───── RECORDED DATA

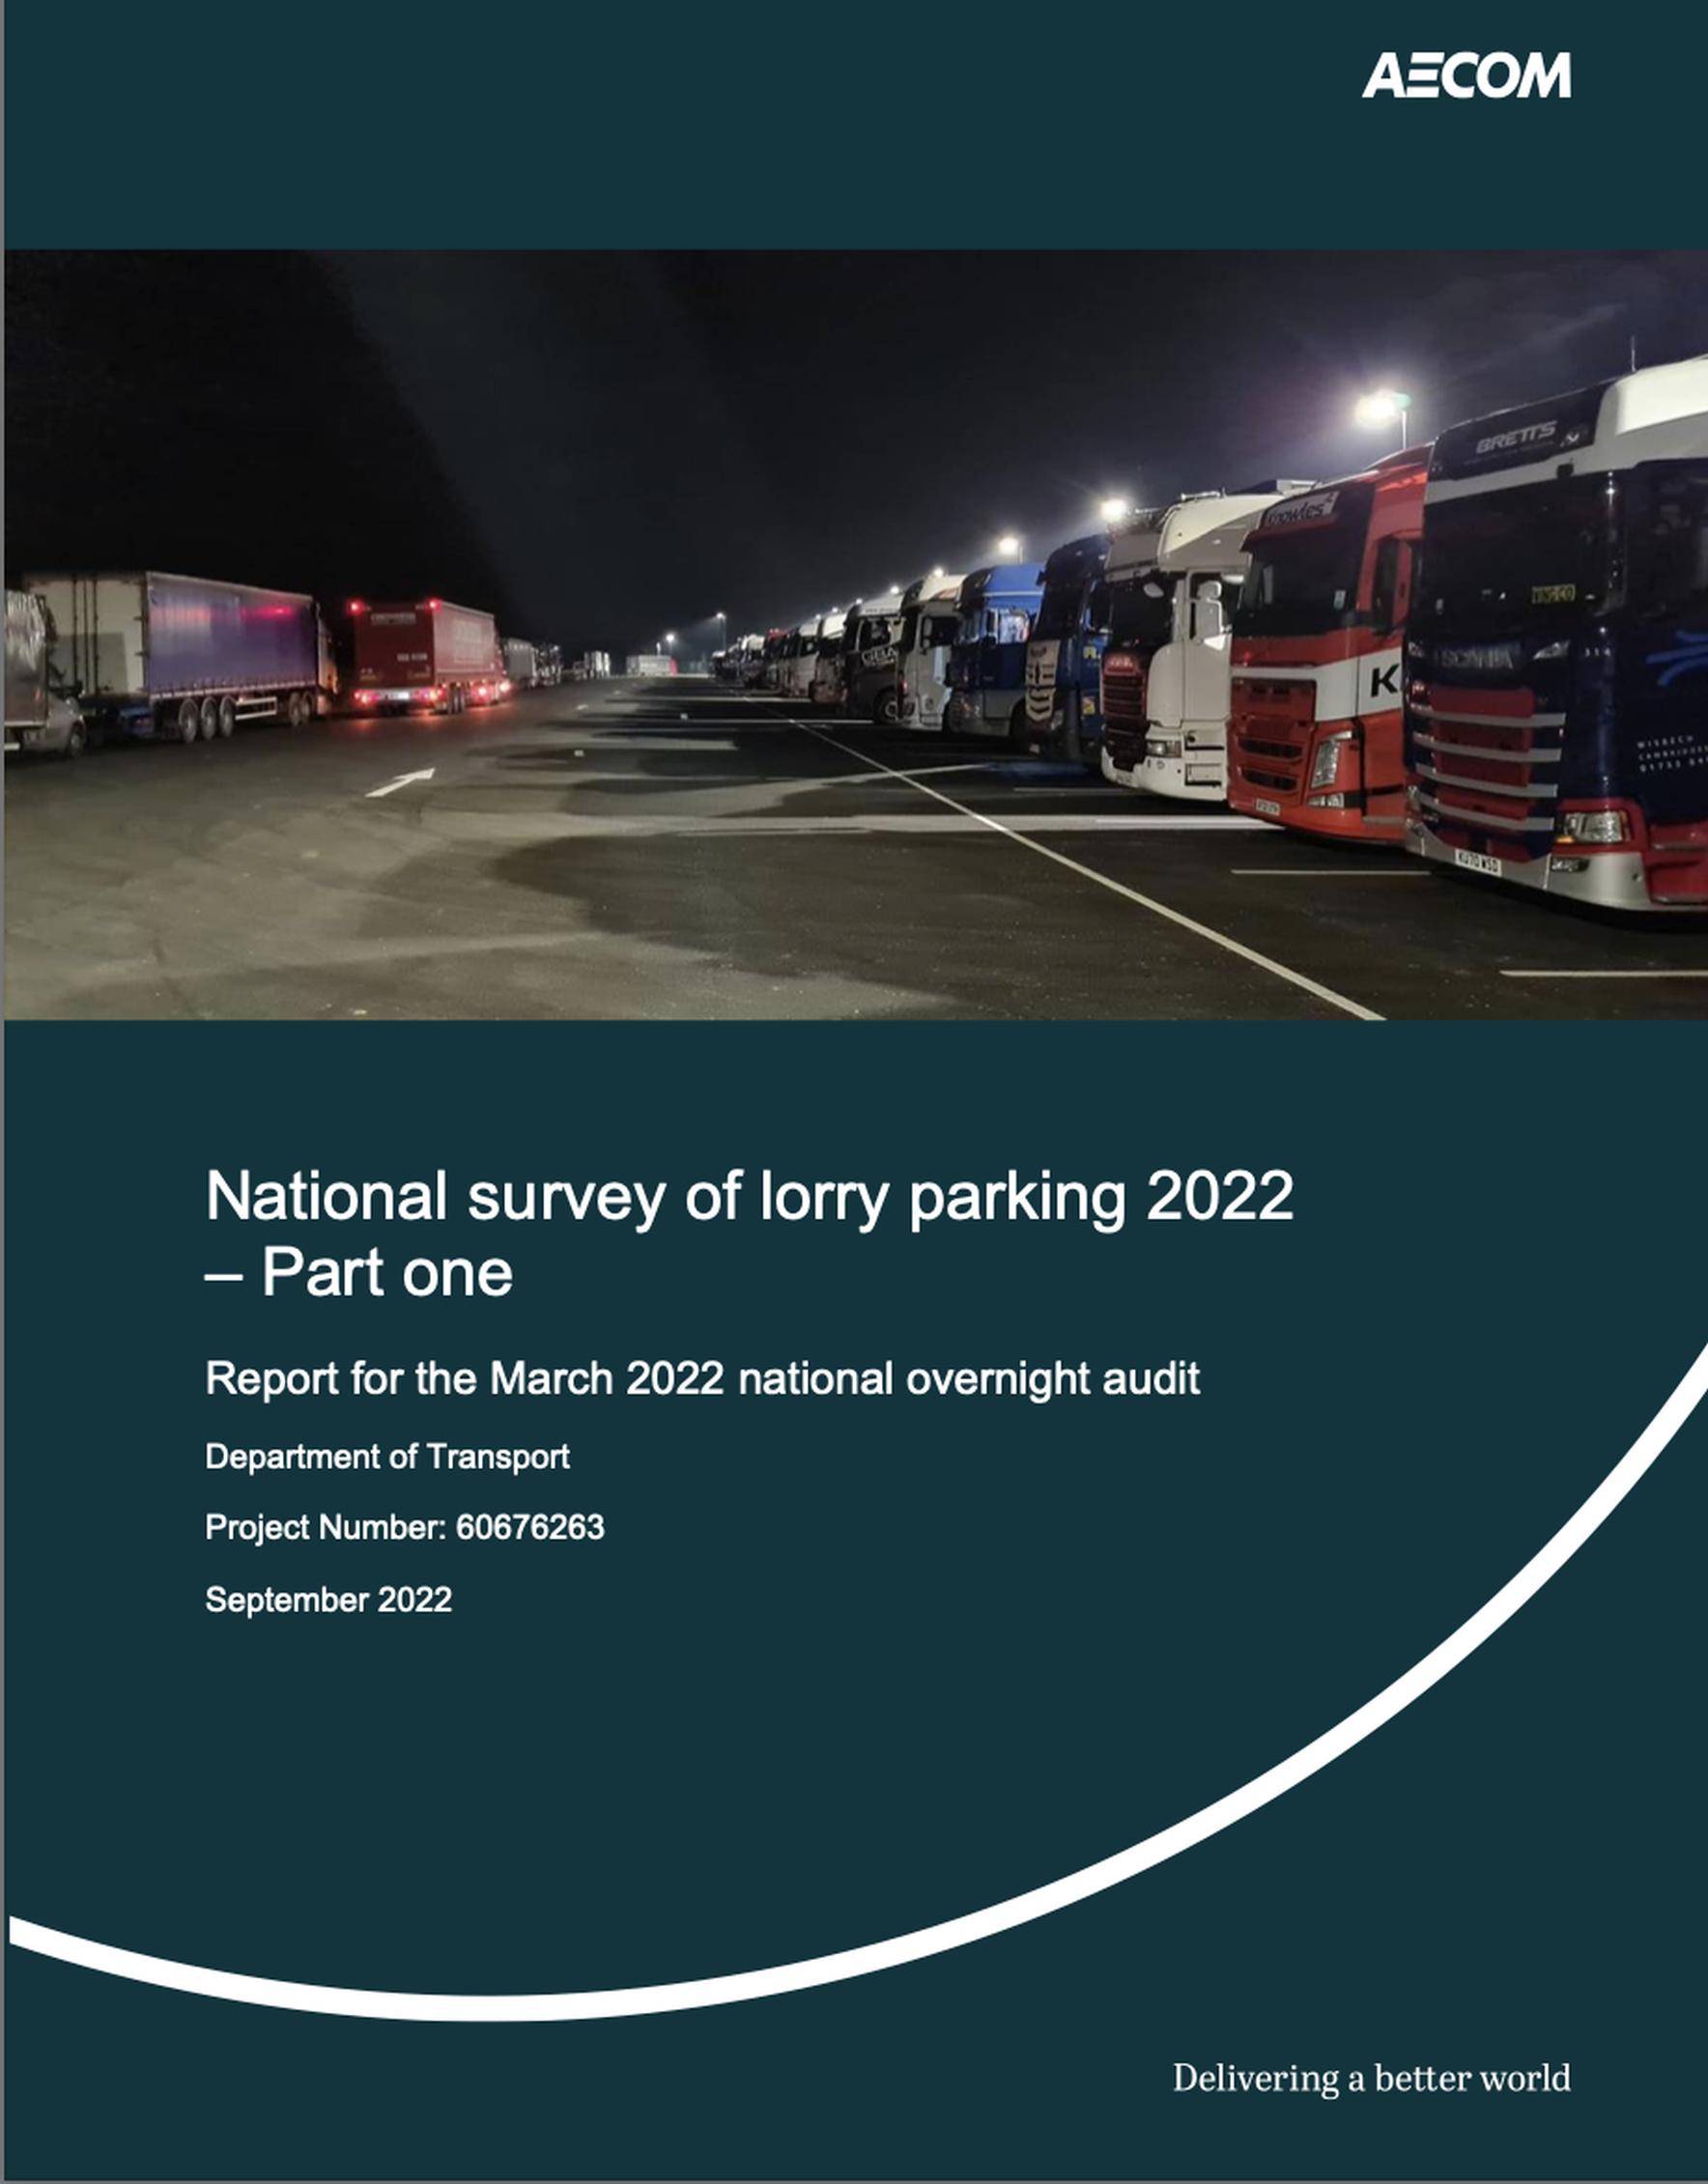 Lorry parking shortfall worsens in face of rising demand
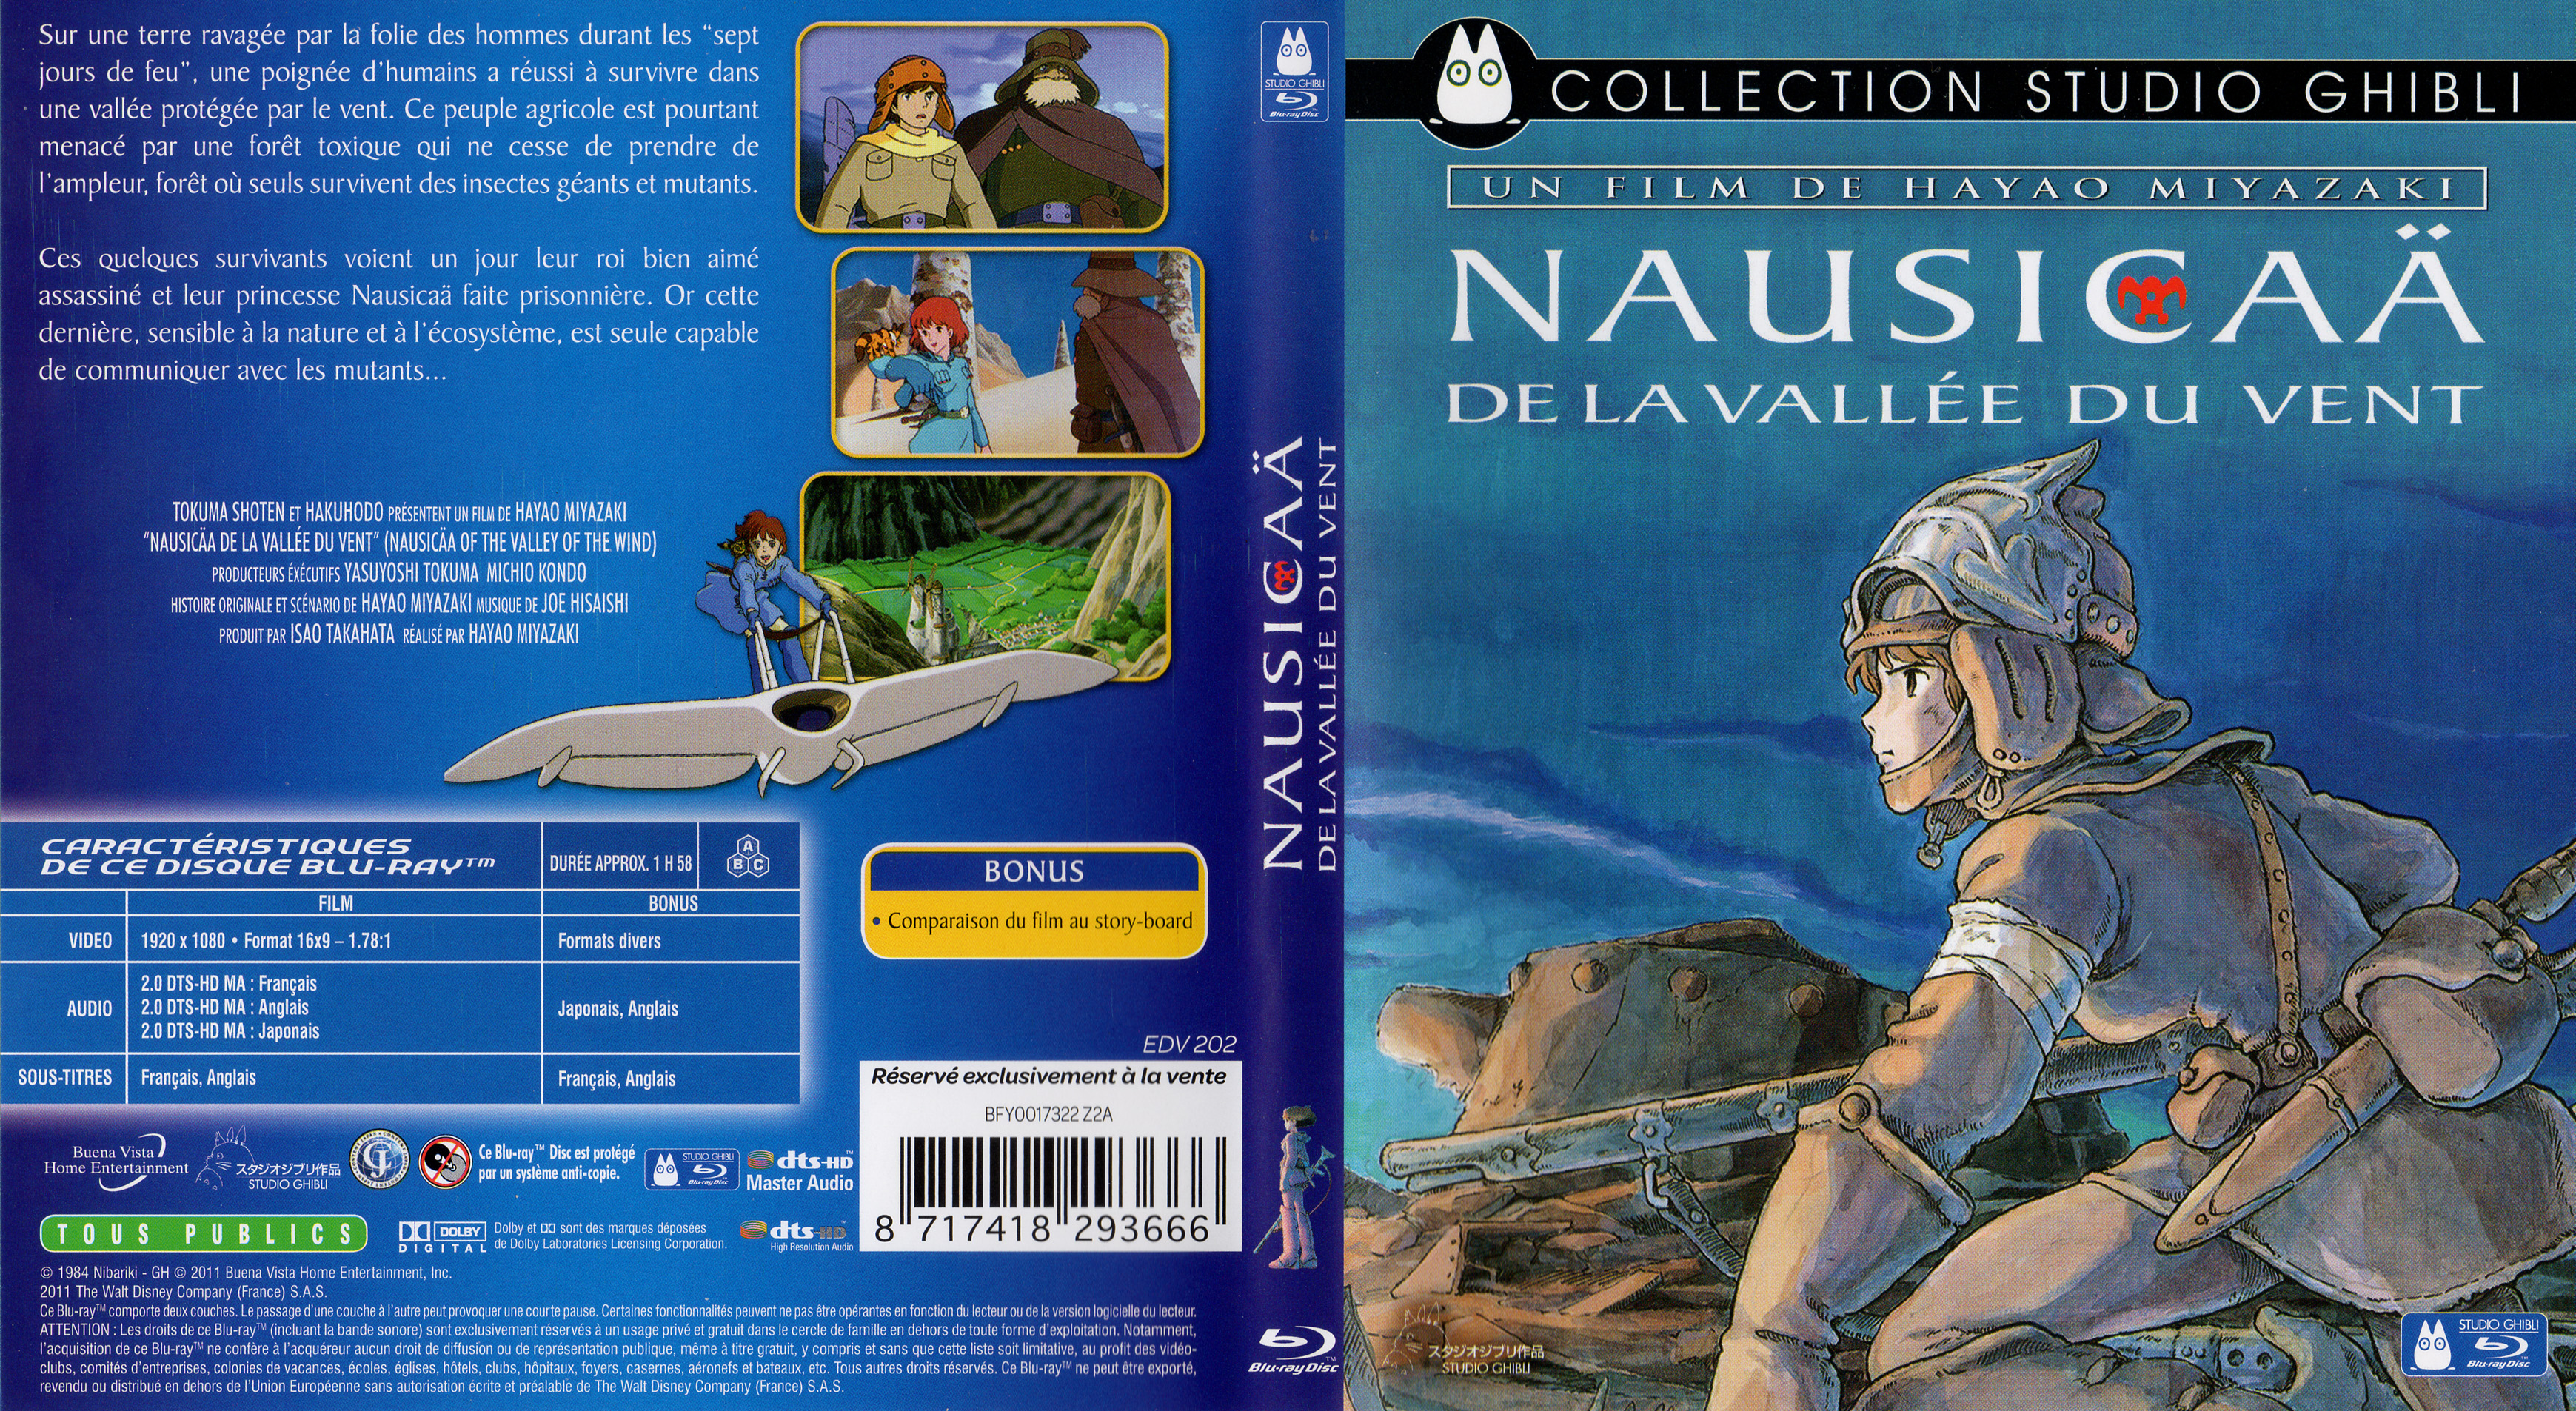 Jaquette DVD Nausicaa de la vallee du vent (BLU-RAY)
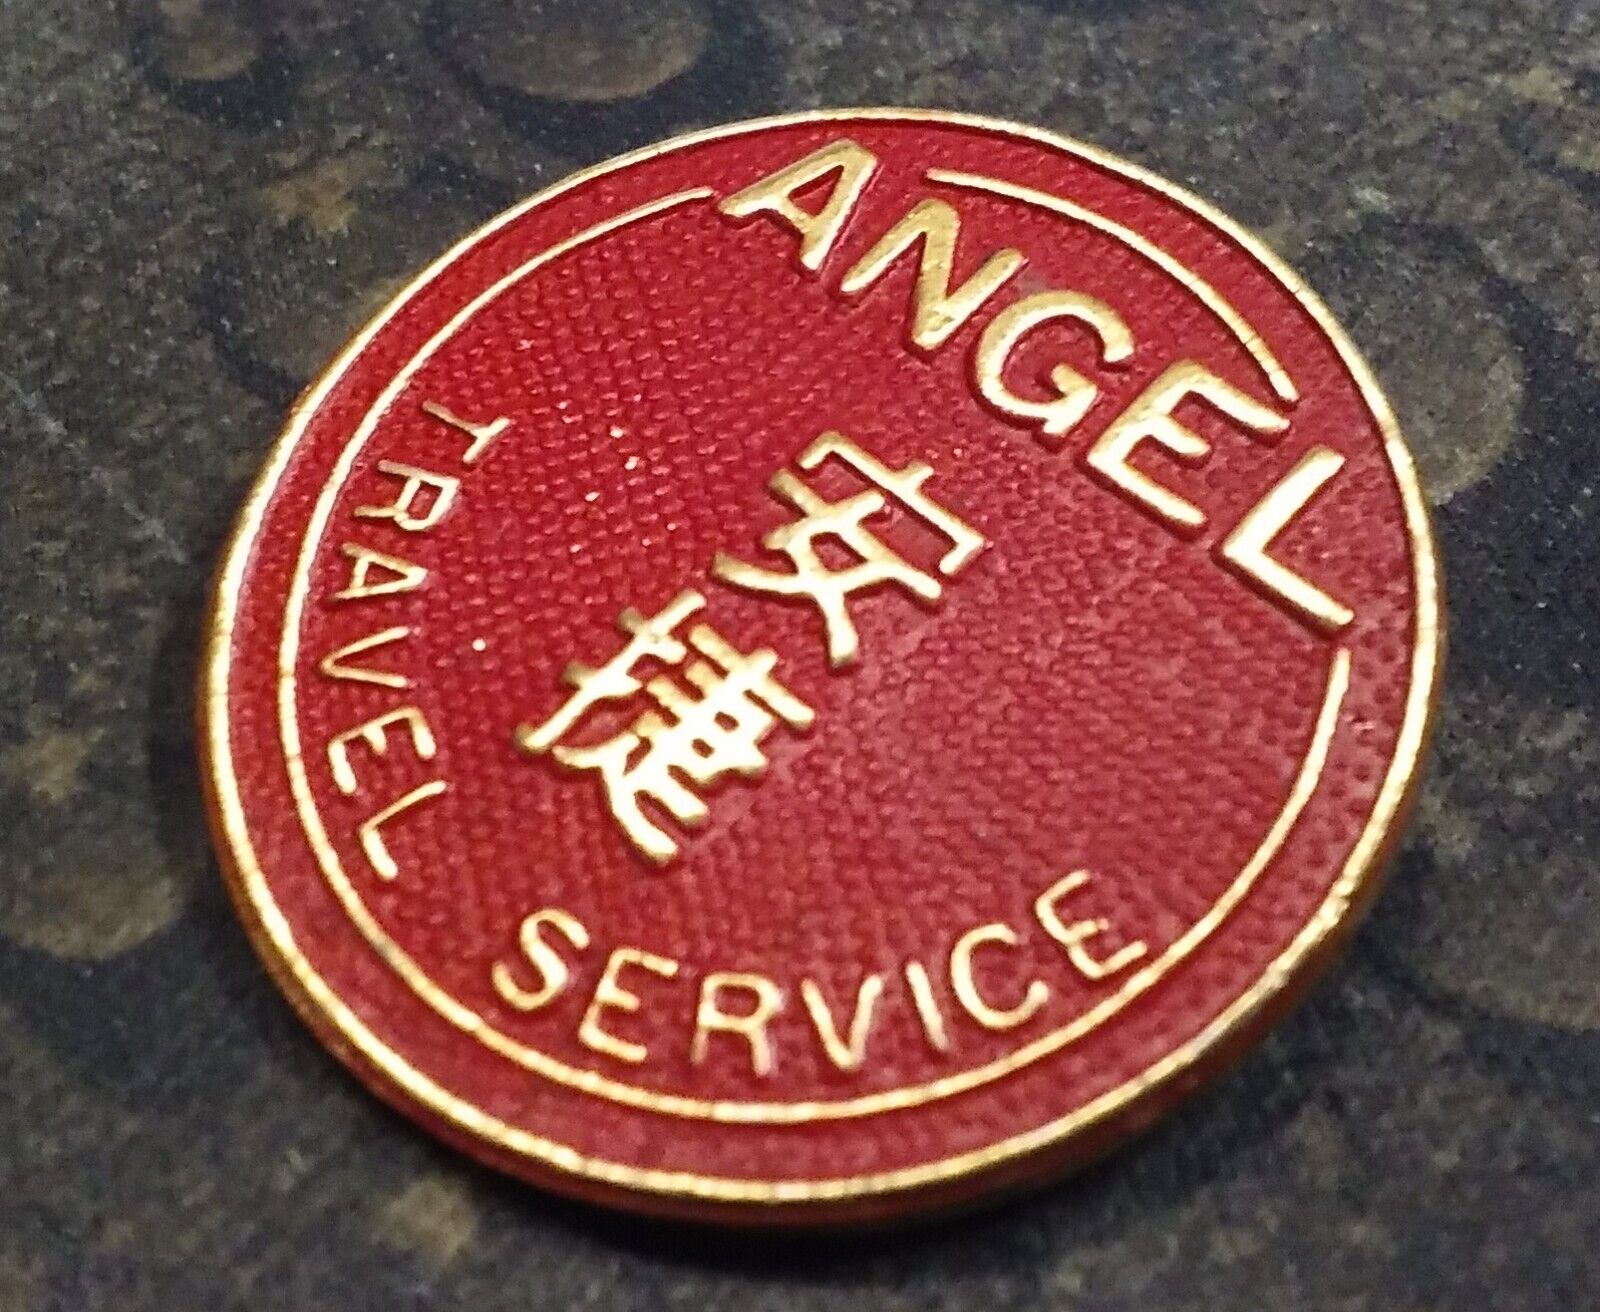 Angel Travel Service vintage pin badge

──────────

GOAL OF THE EXERCISE:
Only the pictures are to be dropped; all other material above must be repeated exactly.

ANSWER BOX:
 Lorry parking shortfall worsens in face of rising demand
 Jaquette DVD Nausicaa de la vallee du vent (BLU-RAY)
 Angel Travel Service vintage pin badge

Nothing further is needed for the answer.